L'indice di Shapley associa al giocatore i contributi marginali che esso porta a ogni coalizione, pesati secondo un certo coefficiente. Il quale ha un'interpretazione probabilistica interessante. Supponendo che i giocatori decidano di trovarsi per giocare, in un certo luogo e a una data ora, il coefficiente [(a−1)!(n−a)!]/n! rappresenta la probabilità che i al suo arrivo trovi gli altri giocatori della coalizione A, e solo loro.
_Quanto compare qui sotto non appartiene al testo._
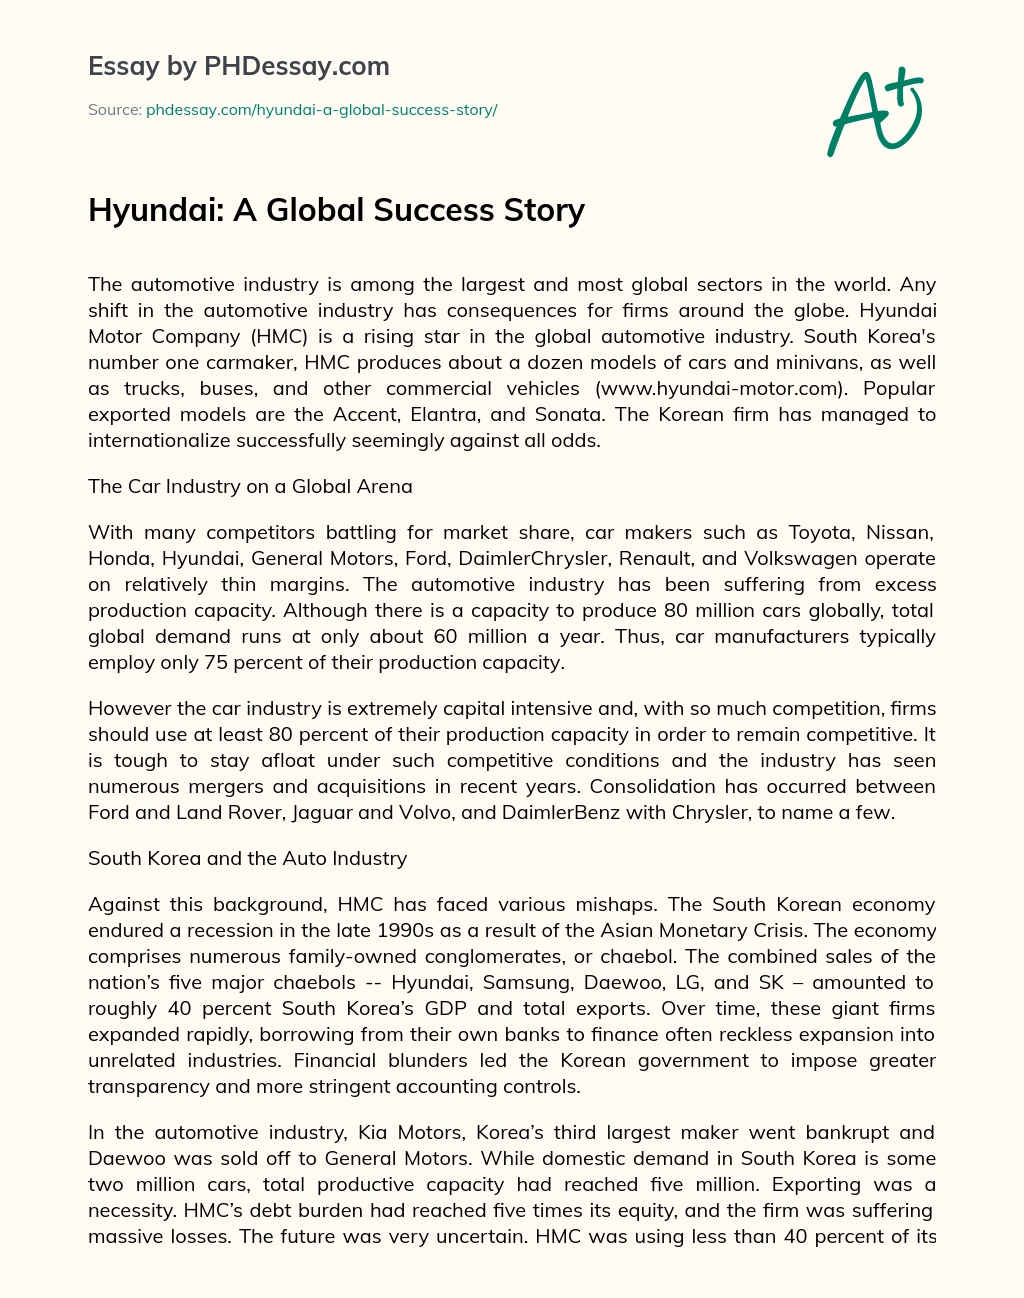 Hyundai: A Global Success Story essay

Shapley ha caratterizzato l'indice che oggi prende il suo nome col metodo assiomatico, cui abbiamo già fatto un cenno. Egli assume che una soluzione di un gioco cooperativo debba essere efficiente, avere una certa proprietà di simmetria, non dare nulla ai giocatori che non contribuiscono mai al benessere di una coalizione, e che sia additiva. Quest'ultima proprietà appare un po' arbitraria dal punto di vista del modello, il che giustifica tentativi successivi di proporre altri assiomi caratterizzanti l'indice di Shapley.
Nel gioco di maggioranza semplice fra tre giocatori, l'indice di Shapley propone (1/3,1/3,1/3), come appare chiaro dalla simmetria dei tre giocatori. Nel gioco dei guanti invece la soluzione è (1/4,7/12,7/12,7/12). Certamente questa soluzione presenta caratteristiche interessanti: tiene conto del fatto che c'è un eccesso di offerta di guanti sinistri, il che rende un po' più debole degli altri il giocatore uno. Il secondo non ne risente, perché da una parte potrebbe riportare la situazione simmetrica, buttando via un guanto, dall'altra può sfruttare il fatto di poter soddisfare da solo la domanda dei giocatori col guanto destro. Questo mostra che il valore tiene conto di altri aspetti, ignorati dal nucleo.
L'indice di Shapley ha applicazioni importanti anche nei giochi semplici. Come esempio, si può pensare all'analisi della composizione di un'assemblea parlamentare, come il Parlamento europeo o il Congresso negli Stati Uniti. Il problema fondamentale in questi casi è come ripartire i seggi fra i vari stati. È un merito della teoria dei giochi aver chiarito una volta per sempre che non esiste un metodo equo, corretto e praticabile in tutte le situazioni possibili.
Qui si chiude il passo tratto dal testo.